断糖高脂質食で扱う主な食材は、肉と魚、卵、脂と極めてシンプルです。基本的に加工品はすべてNG。添加物や身体に害があるものを避けるためには、食材に極力手を加えず“そのまま”で食べるイメージを持つとわかりやすいでしょう。なるべく自身で調理することもおすすめです。

・肉

牛肉、豚肉、馬肉、鹿肉、羊肉をメインに。鶏肉は脂質にオメガ6が多く炎症を起こしやすいため、控えめに。ホルモン類もOKです。

ここで特に推奨したいのは グラスフェッド(牧草飼育)の肉。穀物飼育の肉に比べてオメガ3脂肪酸が豊富で、炎症抑制や脳機能維持に有益です。

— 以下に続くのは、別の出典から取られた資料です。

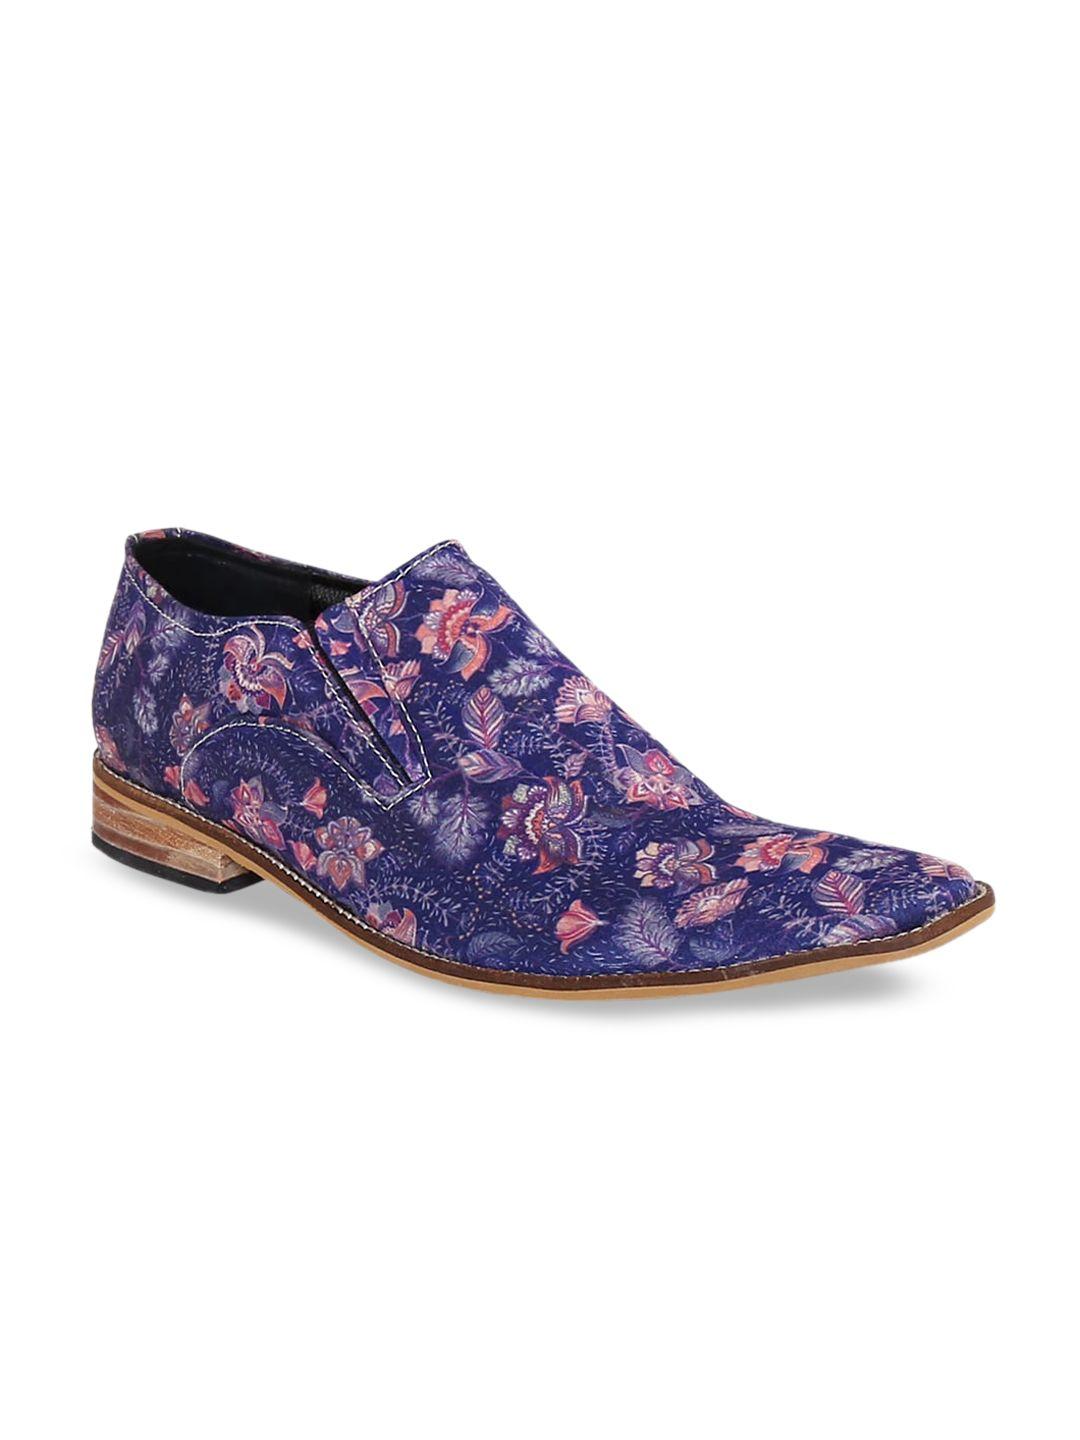 kanvas men purple floral printed slip-on sneakers

さらに、ステーキ用の赤身だけでなく関節部位、骨付き肉、筋の多い部位を積極的に食べることをおすすめします。これらにはコラーゲンや結合組織が豊富に含まれており、長期的に身体を支えるために欠かせない栄養素です。

よく「コラーゲンは食べてもアミノ酸に分解されるだけで意味がない」という説が流布していますが、近年の研究では コラーゲンペプチドがシグナル分子として働き、骨や関節、皮膚の修復を促す効果があることが示されています。つまり、長期間にわたってコラーゲン部分を摂取することは、単なる栄養補給以上の意味を持つのです。

ツナ缶の漬け込み油には注意

・魚

鮭、サバ、マス、イワシなどオメガ3を豊富に含む魚は特におすすめ。マグロやメカジキは水銀汚染の懸念があるため控えめに。サバ缶は便利で愛用していますが、市販のツナ缶は漬け込み油がオメガ6系(綿実油や大豆油)の場合が多く、炎症原因となるため避けましょう。

・脂

牛脂、バター、MCTオイル、オリーブオイルは良質な脂質源です。逆にマーガリンやトランス脂肪酸は避けるべき。植物油(大豆油・ごま油など)はオメガ6系が多く炎症作用があるため控えましょう。